Vom Becken an den Grill

Sie gehören mittlerweile ebenfalls schon zu den Stammgästen vom Wintergrillen: Die Leipziger Wasserballer, diesmal mit Team „Hexenkessel“ am Grill-Platz 36. Seit sechs Jahren treu vor Ort, mit einer Affinität zum Ur-Krostitzer, zum Sport – und zum Verkleiden. Auch wenn eine der beiden Hexen-Nasen kurz nach Grillbeginn schon verloren gegangen ist. Mann legt sich mächtig ins Zeug. „Und diesmal gibt es am Folgetag kein Spiel, also können wir uns heute voll und ganz auf’s Grillen konzentrieren.“ Gut Glut! 

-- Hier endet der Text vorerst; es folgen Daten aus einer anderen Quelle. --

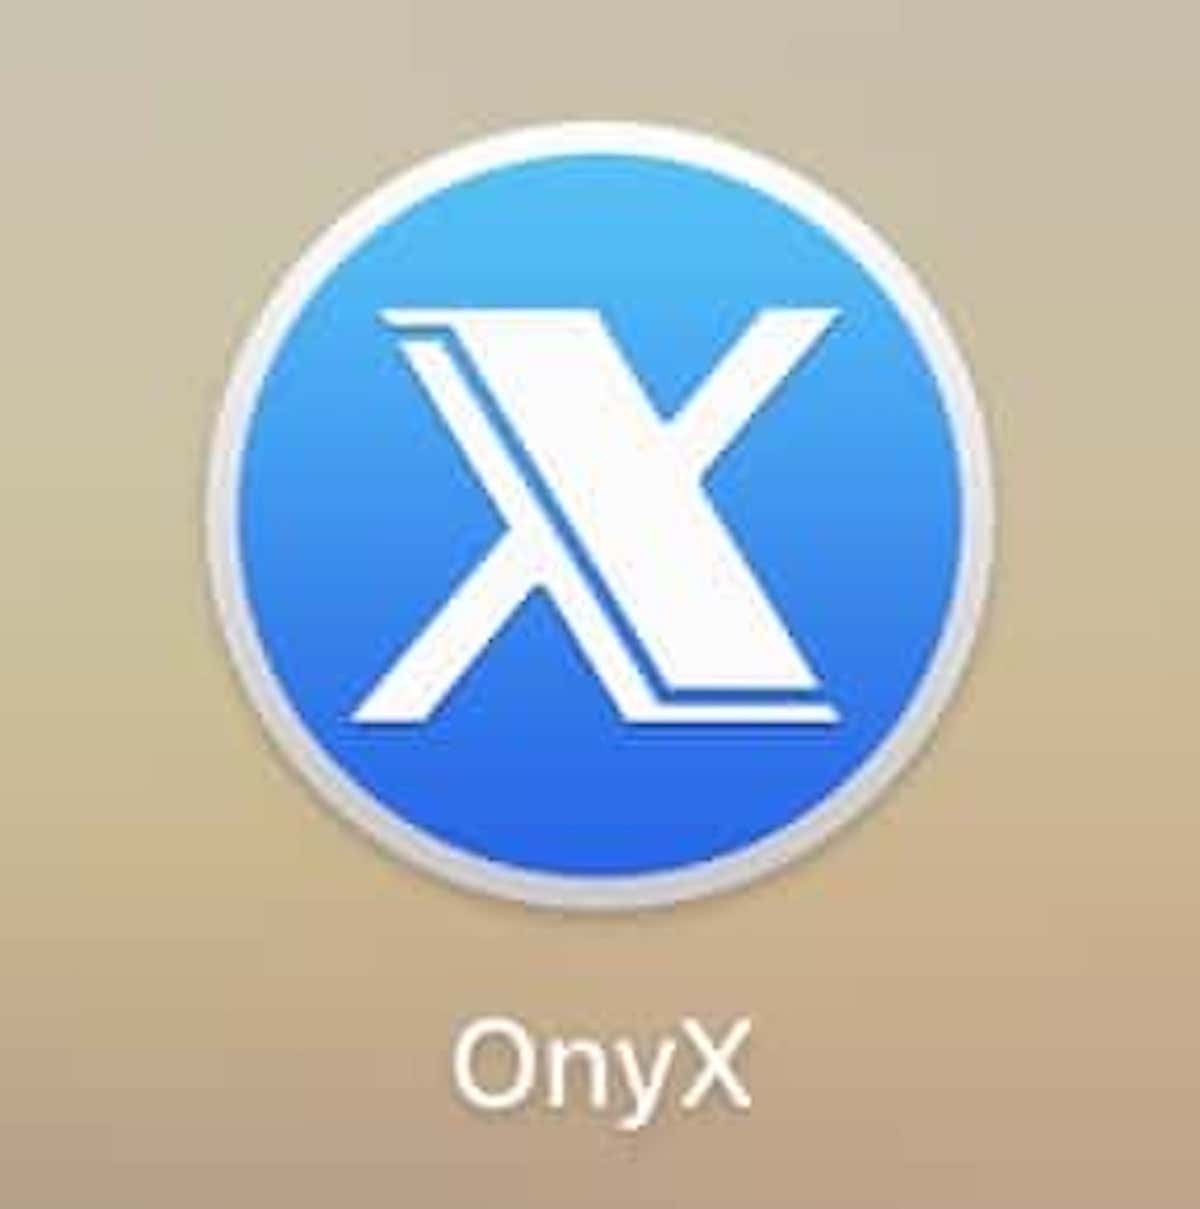 telecharger onyx mac

Nach dem Wintergrillen ist vor dem Wintergrillen

Auch wenn sich der Rauch erst einmal verzogen hat, die Innenstadt nicht mehr nach Fleisch duftet und auf dem Leipziger Marktplatz Ruhe eingekehrt ist: Die Wintergrill-Teams ruhen sich nicht aus, sondern steigen schon jetzt wieder aktiv in die Trainingssaison ein – denn das Jahr ist schnell rum. Wir putzen bis dahin den Grill, lassen uns neue Dinge einfallen - und freuen uns schon aufs nächste Mal!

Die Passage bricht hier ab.